Whether it’s cross-discipline, cross-organization, cross-cultural, or cross-best practice, the fundamental of these big kahunas is they cross interfaces. And that’s why they’ve never been attacked, and that’s why they’ve never been solved. But with payoffs so big, it’s time to take on connectedness.

For me, the most severe example of connectedness is woven around the product. To commercialize a product there are countless business process that cut across almost every interface. Here are a few: innovation, technology development, product development, robustness testing, product documentation, manufacturing engineering, marketing, sales, and service. Each of these processes is led by one organization and cuts across many; each cut across expertise-specialization interfaces; each requires information and knowledge from the other; and each new product development project must cooperate with all the others. They cannot be separated or broken into bits. Change one with intent and change the others with unintended consequences. No doubt – they’re connected.
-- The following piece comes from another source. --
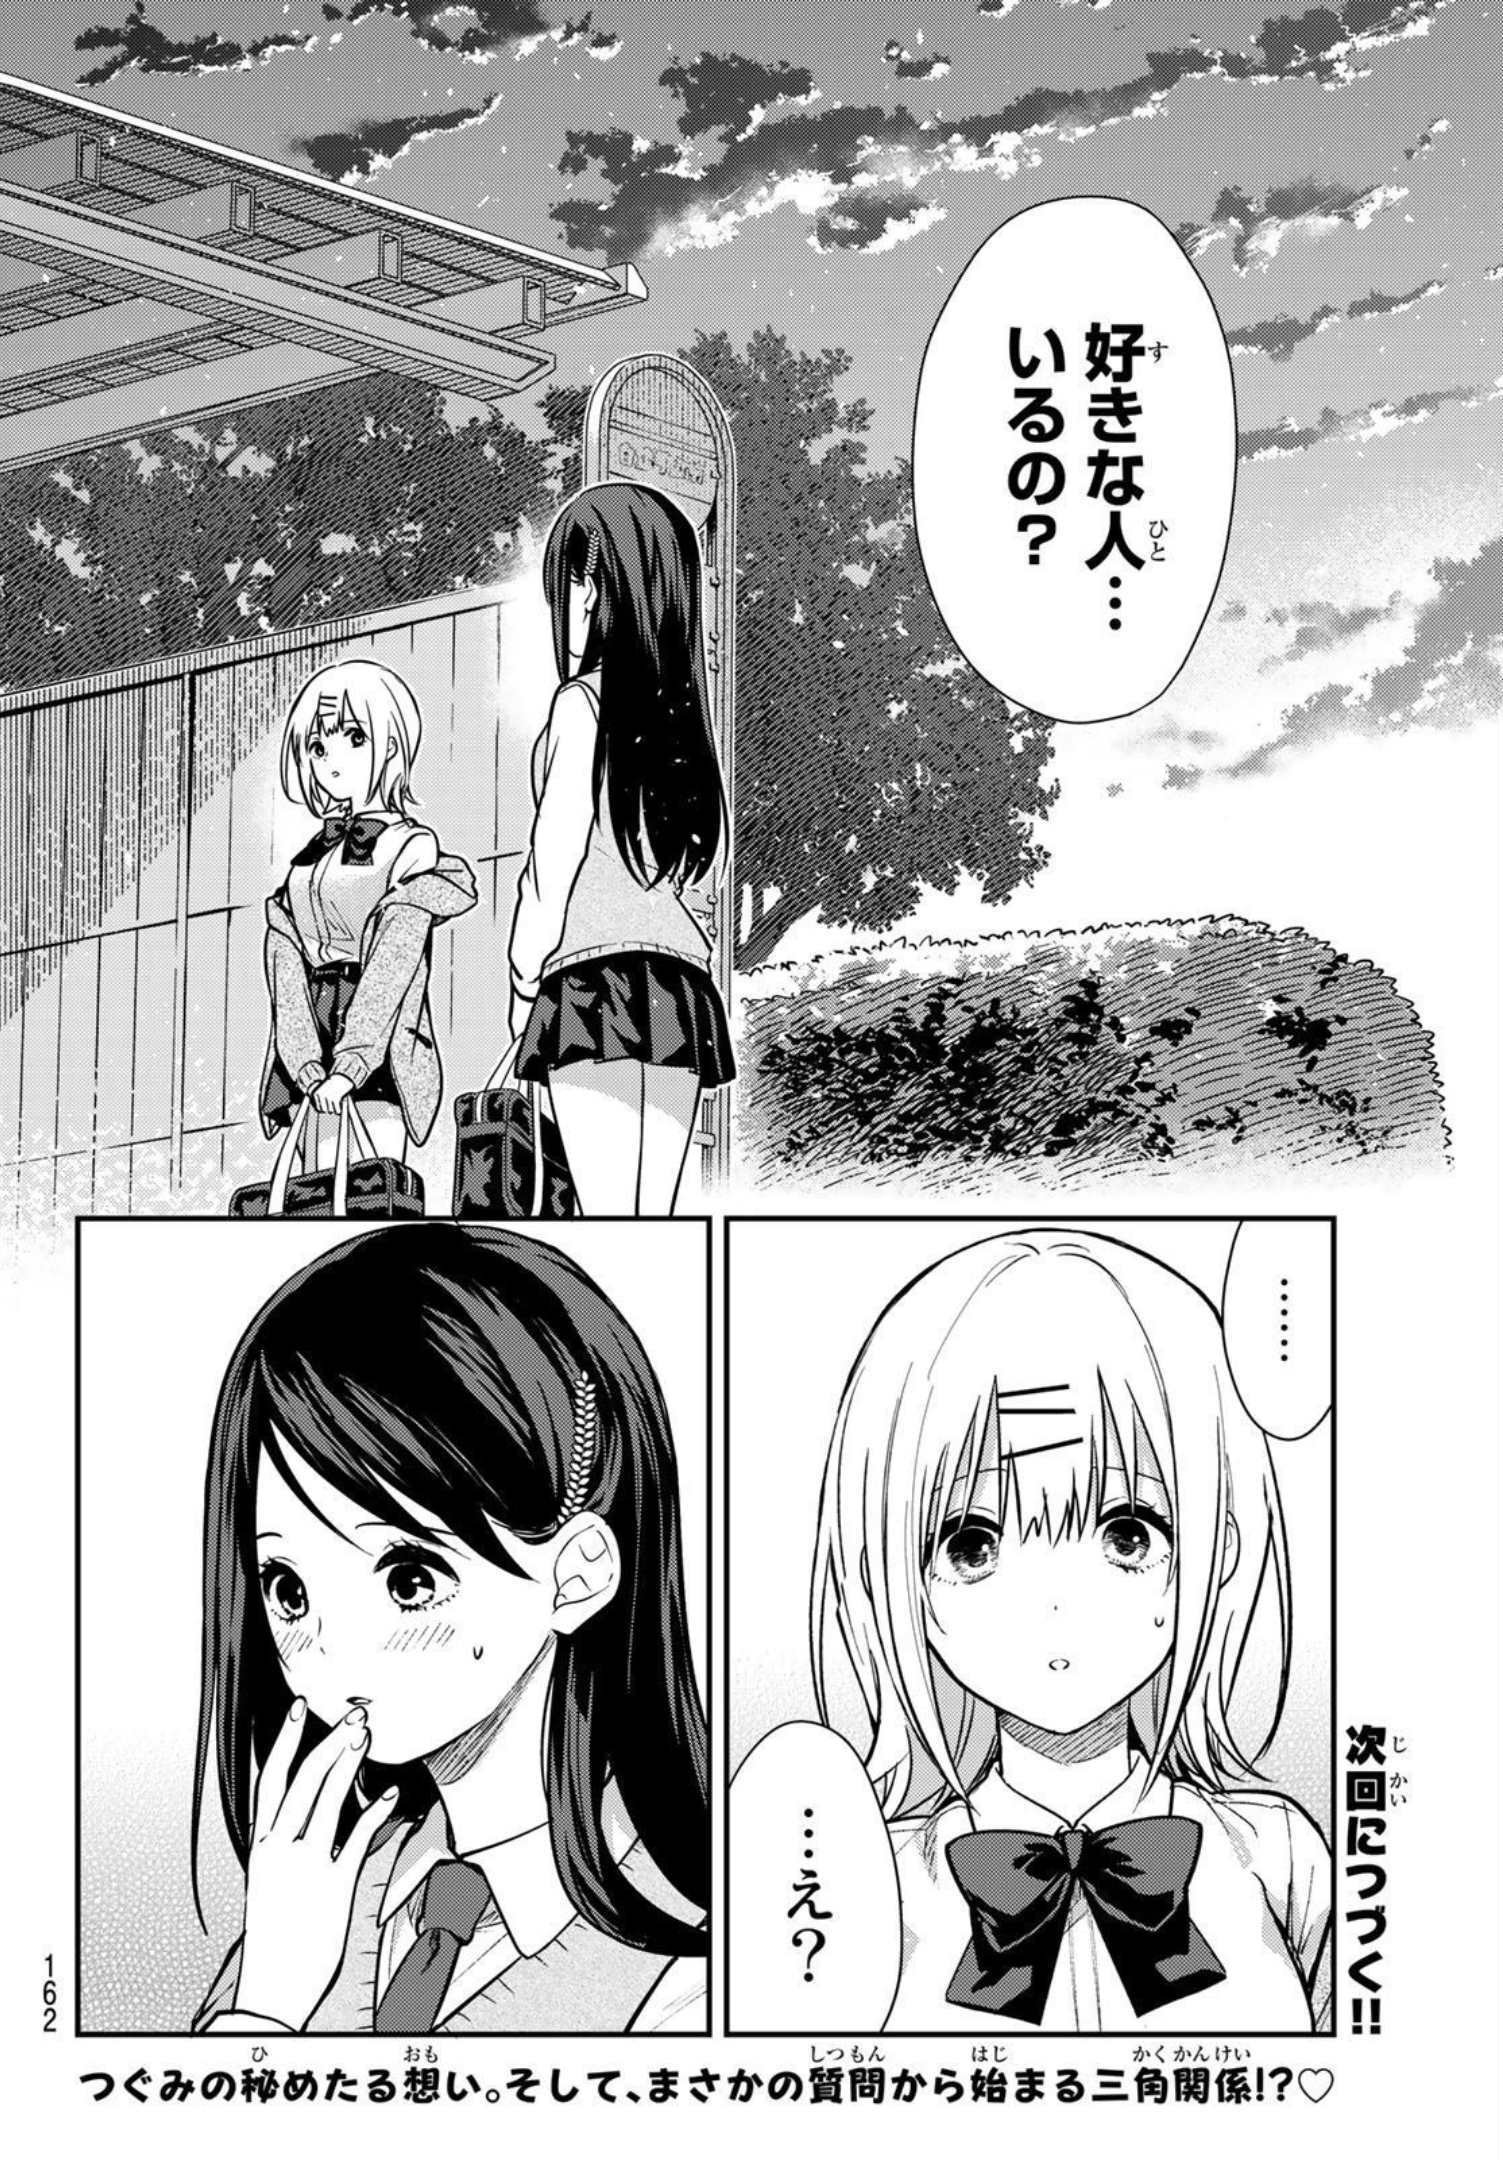 Kimi ga Megami Nara Ii no ni (I Wish You Were My Muse) - Chapter 003 - Page 28

Green thinking is much overdue, but with it comes connectedness squared. With pre-green product commercialization, the product flowed to the end user and that was about it. But with environmental movement there’s a whole new return path of interconnected business processes. Green thinking has turned the product life cycle into the circle of life – the product leaves, it lives it’s life, and it always comes back home.

And with this return path of connectedness, how the product goes together in manufacturing must be defined in conjunction with how it will be disassembled and recycled. Stress analysis must be coordinated with packaging design, regulations of banned substances, and material reuse of retired product. Marketing literature must be co-produced with regulatory strategy and recycling technologies. It’s connected more than ever.

But the bad news is the good news. Yes, things are more interwoven and the spider web is more tangled. But the upside – companies that can manage the complexity will have a significant advantage. Those that can navigate within connectedness will win.

The first step is to admit there’s a problem, and before connectedness can be managed, it must be recognized. And before it can become competitive advantage, it must be embraced.